Records contained in a dataset
Start of Block

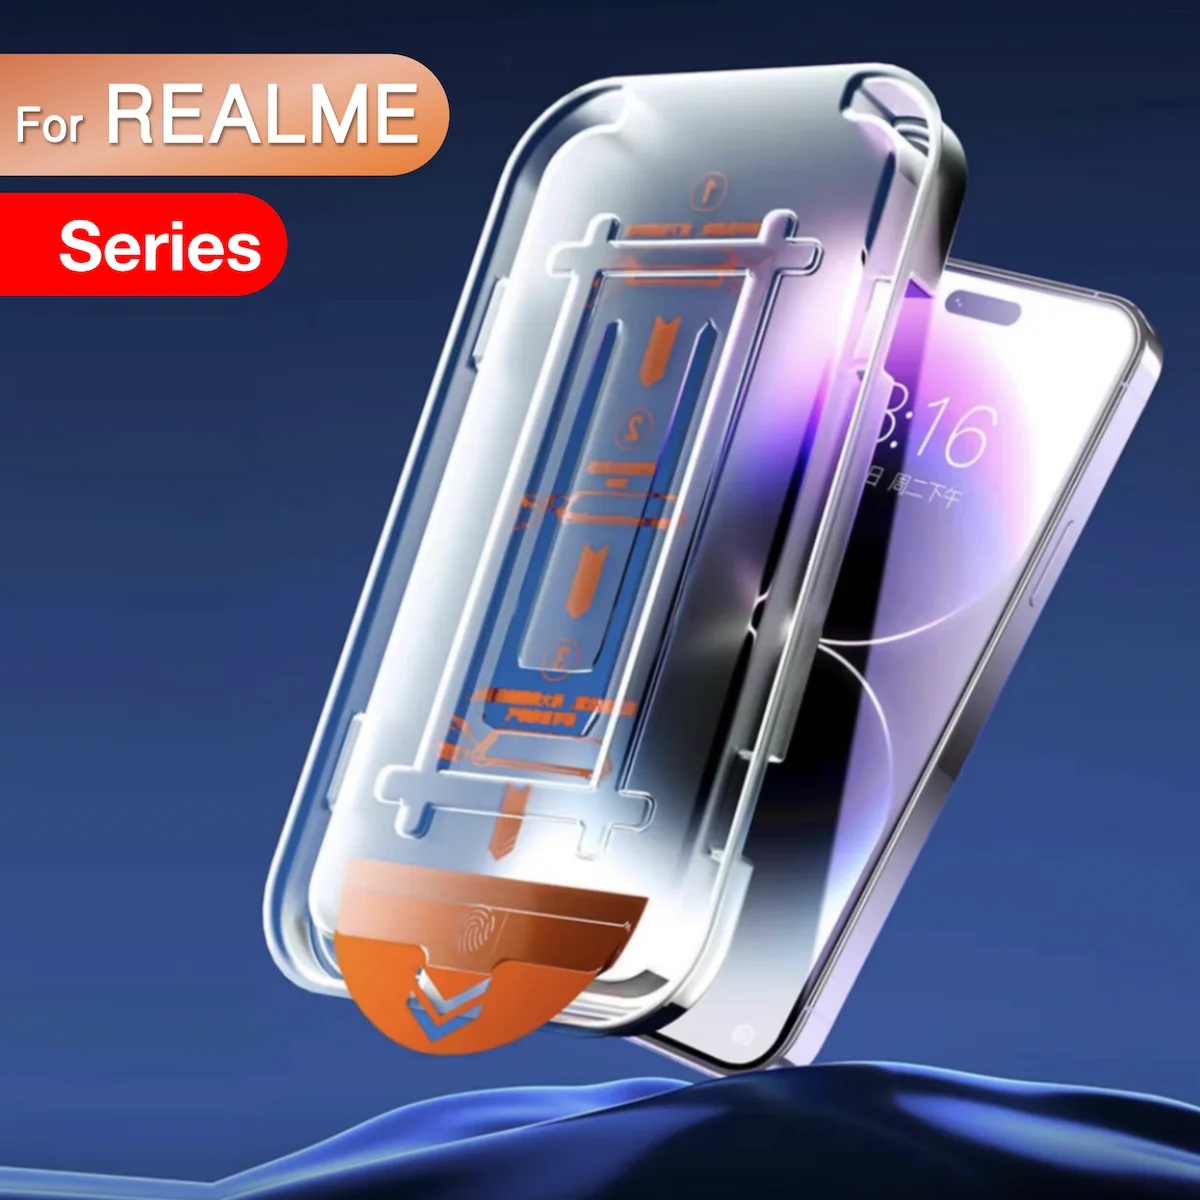 

For REALME 6 7 8 9 10 Pro X X2 X7 Screen Protector ACE Q5 Q2 Q3 GT Noe 2 2t 3 Toughened Glass Easy Install Auto-Dust Removal Kit
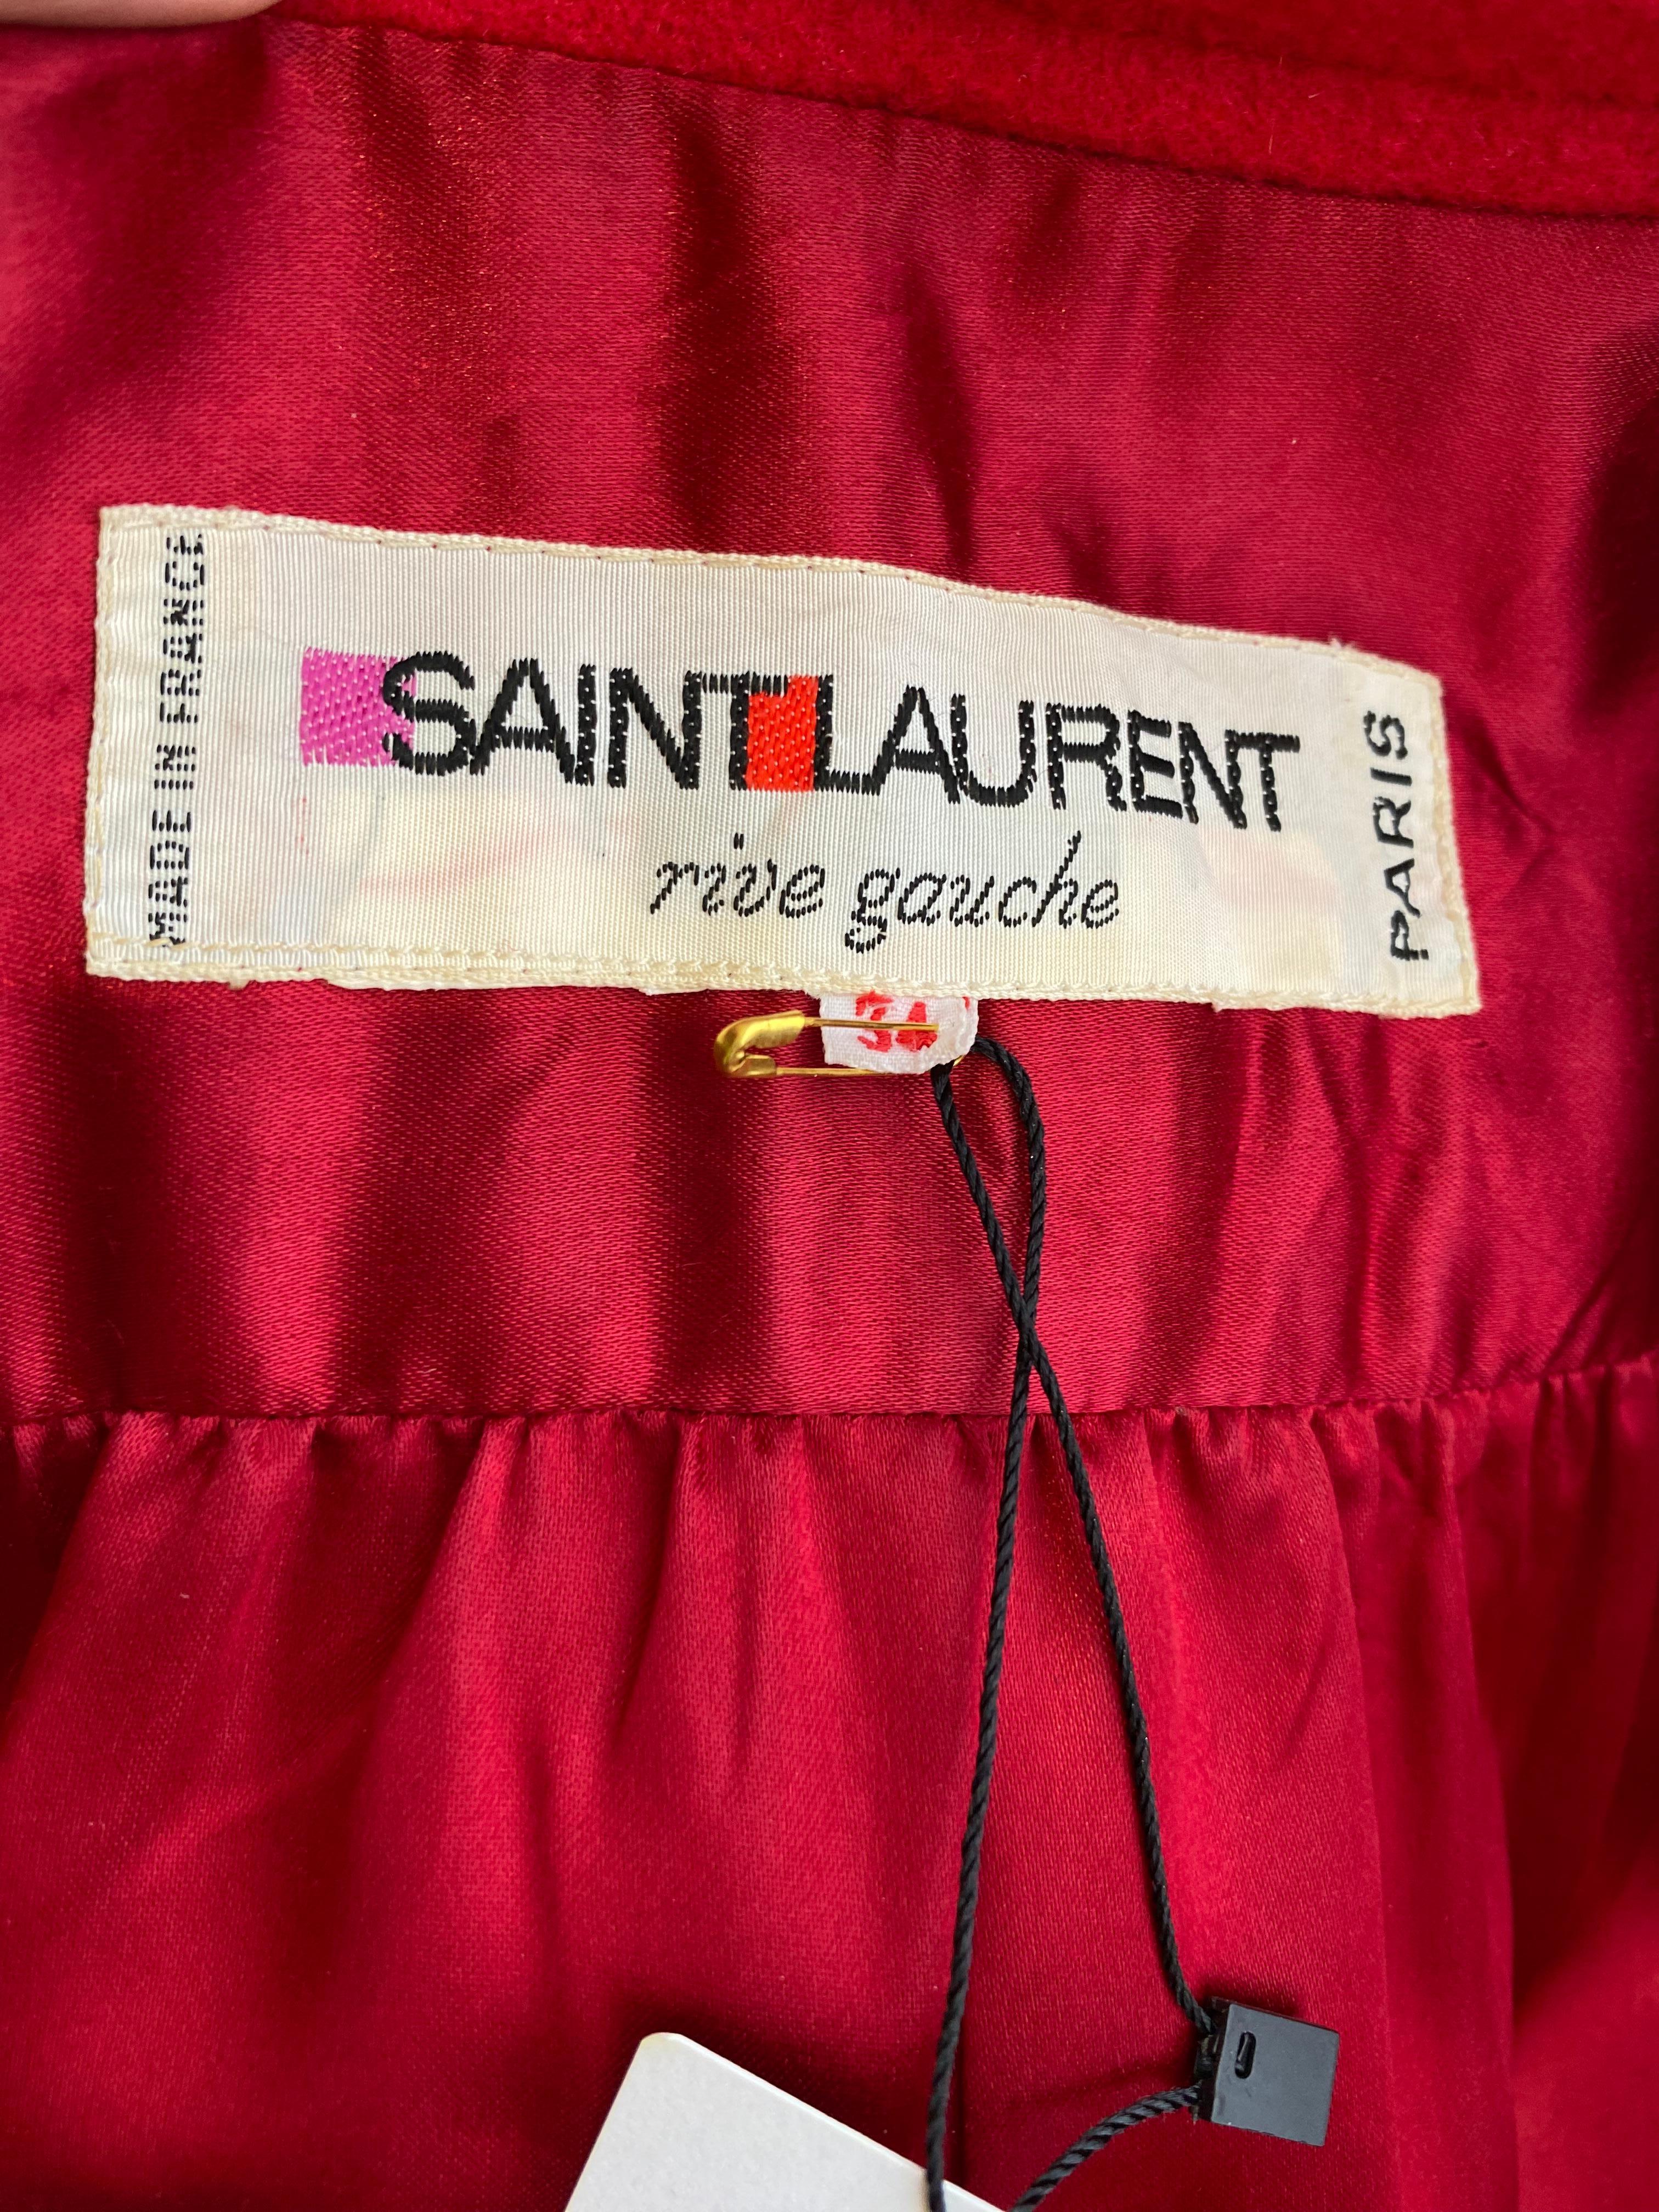 1980s Yves saint laurent red wool coat with belt. 
- mandarin collar
- pockets
- belt
lined in silk
Size 8/ Medium / Marked size 34Fr
Bust 40”

** flaws ( see image ) attached lining need to be re stitch and tiny holes on the fabric

End of Block

From the entries above, output every line exactly and omit any image.

For REALME 6 7 8 9 10 Pro X X2 X7 Screen Protector ACE Q5 Q2 Q3 GT Noe 2 2t 3 Toughened Glass Easy Install Auto-Dust Removal Kit
 1980s Yves saint laurent red wool coat with belt. 
- mandarin collar
- pockets
- belt
lined in silk
Size 8/ Medium / Marked size 34Fr
Bust 40”

** flaws ( see image ) attached lining need to be re stitch and tiny holes on the fabric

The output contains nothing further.